And this may be creepy, but head over to Tumblr. The real point of implants is to improve how you look to yourself naked, and you won't be able to find more implants anywhere than you can there. There are entire blogs dedicated to women taking topless pictures of themselves in their mirrors. You'll be able to see what implants look like on a woman without the benefit of lighting and Photoshop. Be clinical in your observations; compare how some breasts hang naturally vs. those which look like they were bolted on. Which are too big for the frame of the woman their on?

Like I said, creepy. But it may give you a different perspective on your decision making process.


----------



## anotherguy (Dec 14, 2011)

My dear wife has an A cup on a good day, and she is perfect in every way.
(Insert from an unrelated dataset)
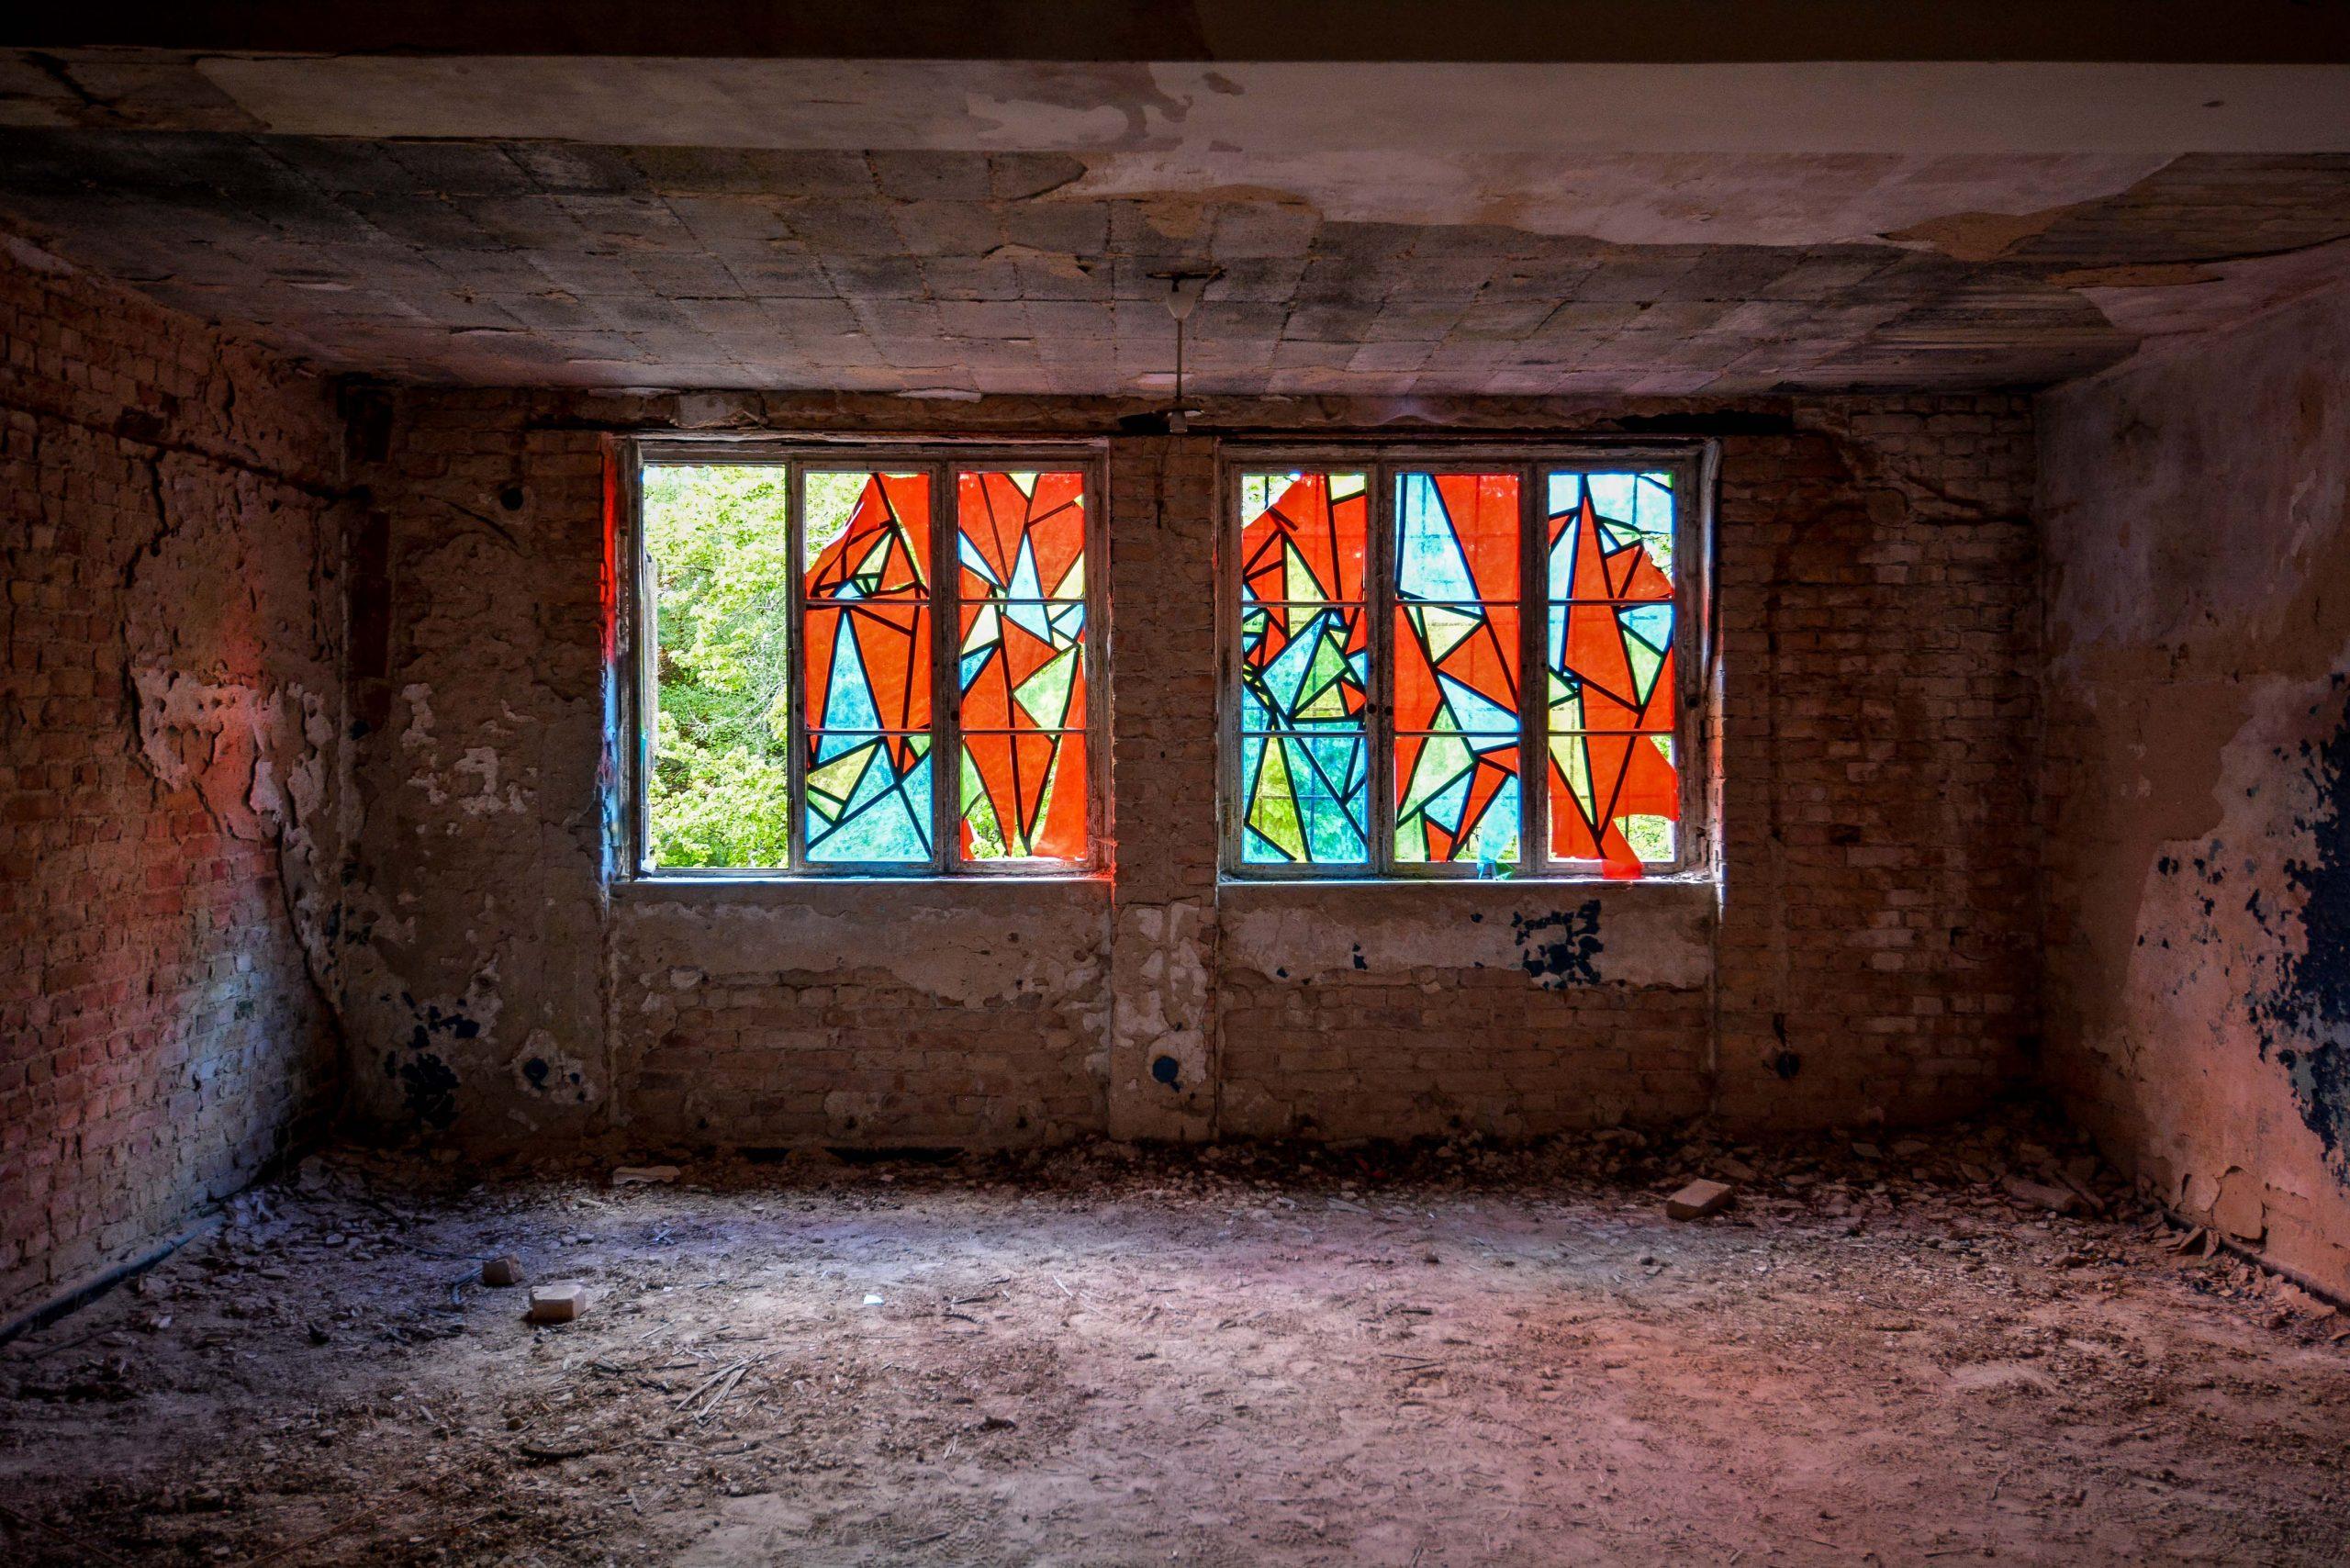 colored windows tuberkulose heilstaette grabowsee sanatorium hospital oranienburg lost places abandoned urbex brandenburg germany deutschland

I would be shocked, partly horrified if she said she wanted to get plastic t!ts. Yuck.

Funny - she gained a cup size easy after having kids which was interesting and fun for a while... eventually that went away. In any case, she is still exactly the way she is supposed to be.

I am totally, completely against elective surgery for this sort of thing. It doesnt 'fix' anything - in my mind all it does is damage.
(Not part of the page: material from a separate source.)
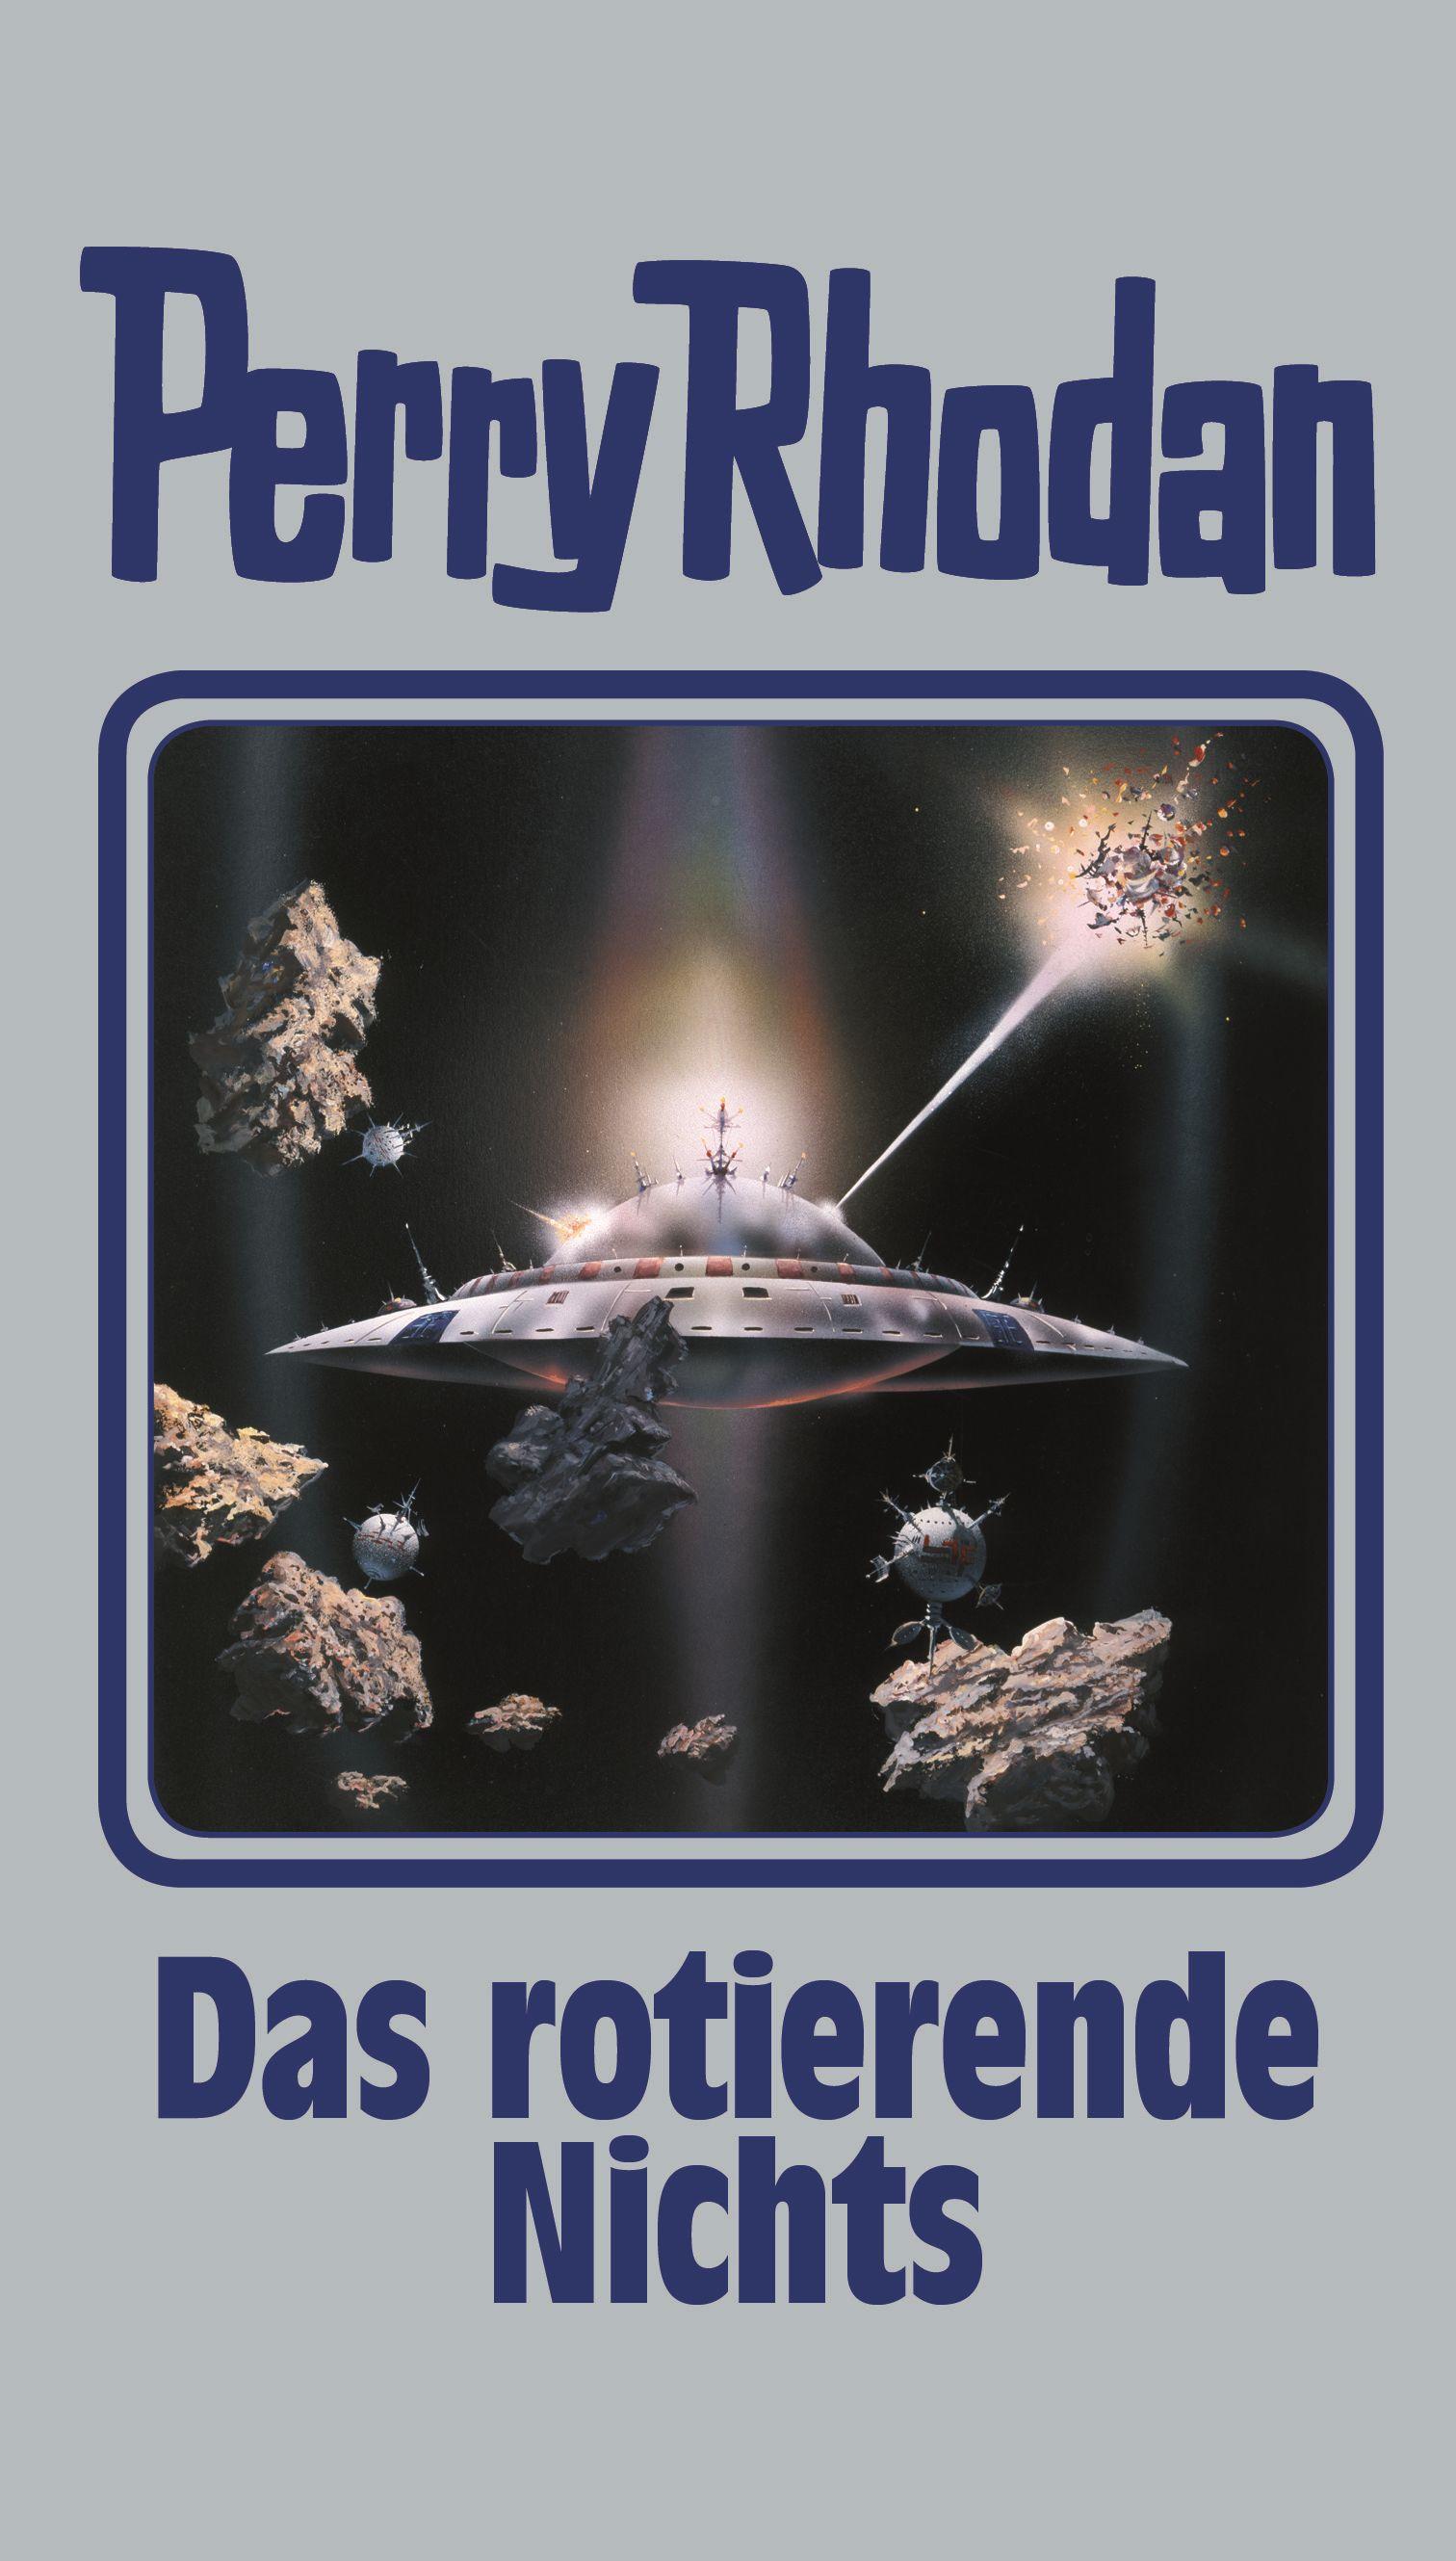 Perry Rhodan: Band 128 - Das rotierende Nichts [Gebundene Ausgabe]

You are 26. You are young and perfect. Warm up to that fact - because its true! Believe me whan I say that when you are 50, you may regret getting surgically altered with synthetic parts. "...Quite the compliment, I must say, but it doesn't change the way I feel when I look in the mirror." - try to listen more to your hubby (when he says 'fantastic', I bet he means it.) and less to that part of your brain that says you need to mechanically inflated.


----------



## Bottled Up (Nov 12, 2011)

I used to be supportive of the idea of my wife getting implants if she ever wanted to, but I've since learned that you lose sensitivity in your breasts when you do get them. The breasts are a major part of our erotic foreplay routine and I would not want to risk her losing that sensation over a cosmetic surgery.

Sensation is *WAY* more important to me, and I love her breast the way they are anyway even after 2 kids. The next time it comes up I plan on deterring her away from the idea completely


----------



## burger000 (Nov 2, 2011)

My wife had hers done after the kids as she was happy with the size she had when she was nursing. I was supportive of any decision and a little excited as she is pretty modest in behavior and dress. Since then everything has been great or better. She likes how she fits into clothes better, she looks great and the work done looks natural and proportional. I can't say anything negative has happened and I really like how they look. I still check 'em out regularly and my wife has a next to perfect figure. She is at a healthy weight, exercises and takes really good care of herself. There are no disadvantages to speak of, she is still the same, modest woman yet her chest is full. She does not dress or act any different. I am not speaking for everyone but I feel it has been nothing but a positive experience.


----------



## Cupcake37 (Nov 19, 2011)

Hi- I had a breast augmentation just over 12mths ago and it is the best thing I have ever done, I wish I had done it 10 years ago. I am 37, a size 12-14 and didn't even fill an a cup. I hoped that when I fell pregnant my boobs would grow but they never did! To me surgery was an absolute last resort and that's all I wanted was to be in proportion. If I had been a b or c cup I would never have had it done but I have never developed properly and whenever I had sex with my husband I would never take my top off as I was so self conscious of how I looked, I felt like a boy. I now measure a d cup, although probably only look a real c cup( implants will always measure bigger than real boobs) and my confidence levels have gone through the roof. I still dress conservatively and don't go out with my boobs hanging out but I feel a million times better and can wear clothes that I never could have dreamed of before. 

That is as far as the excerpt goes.